Perhaps it is the mix of our blood that has tainted me, she thought, as he began to speak.
‘How long ago did your husband die?’
‘Two years ago in the coming spring.’
‘Have you lain with another since?’
The question shocked her because she had counted her many months of celibacy every night since the sea storm.
The very thought of it made her ashamed. A woman who might sacrifice everything for the quick tug of lust. And she knew what obligations kept her here, above the water watching out for her enemies.
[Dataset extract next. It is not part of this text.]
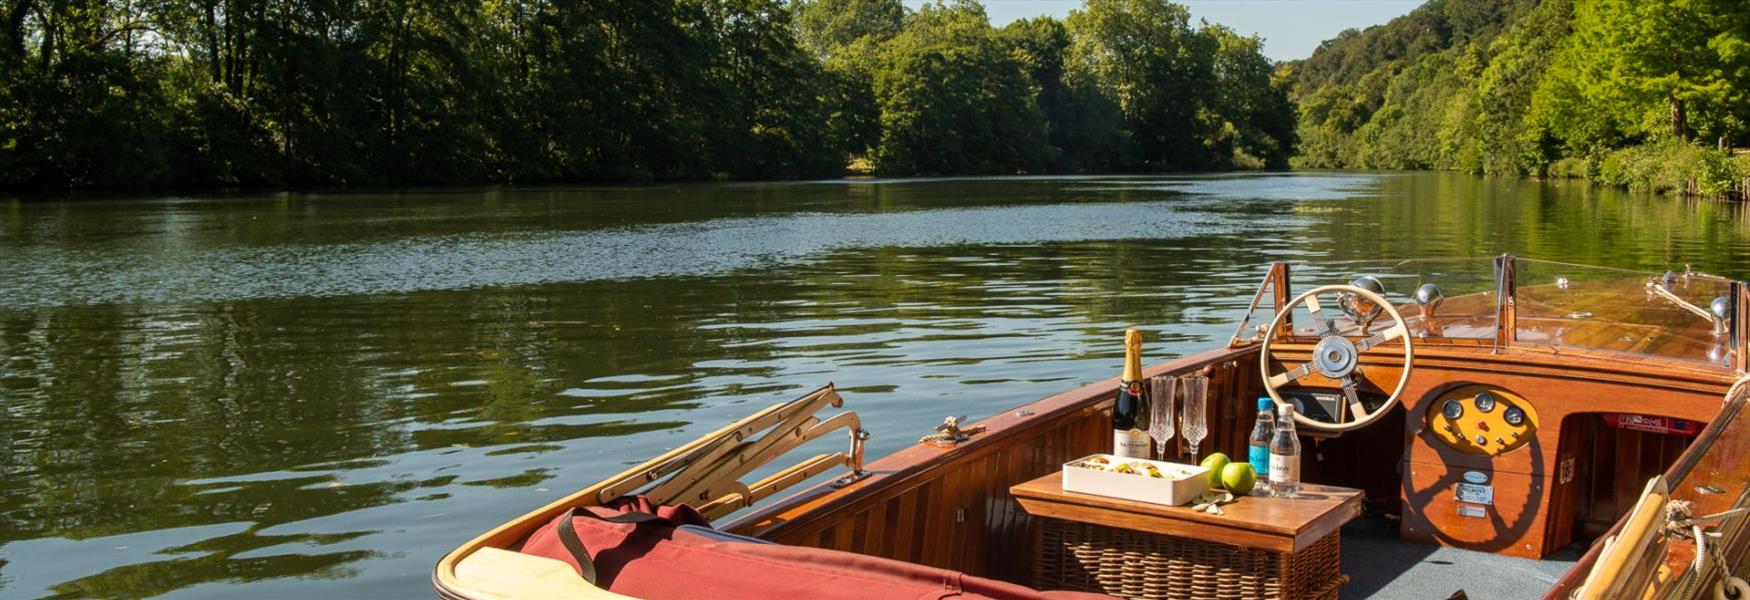 Boat picnic on the River Thames at Cliveden

She had not forgotten the promise made to her husband the day he had died, the day she had tried to take her father’s arrow from him, embedded in his body.
‘You shall always have my heart, Isobel,’ Alisdair had said, as the blood filled his mouth in bubbles. ‘So could I take yours with me?’
In death he had meant. In the last breaths of thought.
She had laid his hands across her breast above the beat of loss, his fingers long and slender and soft. She could still feel them there sometimes as life had left him, tugging against the ebb of death.
Twenty-one and abandoned to any other hope of passion because those clansmen gathered about her dying husband had all heard his plea and her whispered answer.
‘Yes,’ she had said through the ache of sorrow, every day and every moment she had spent with him imbued in that answer. Until now when another power had turned her, the longing of lust snaking inside deadness. She was glad for the hard measure of this stranger’s cock beneath the cover because at least some part of his body had wanted her in the same way that she had wanted him.
It still stood proud and he made no move to hide it, lying there like an offering he had no mind to give.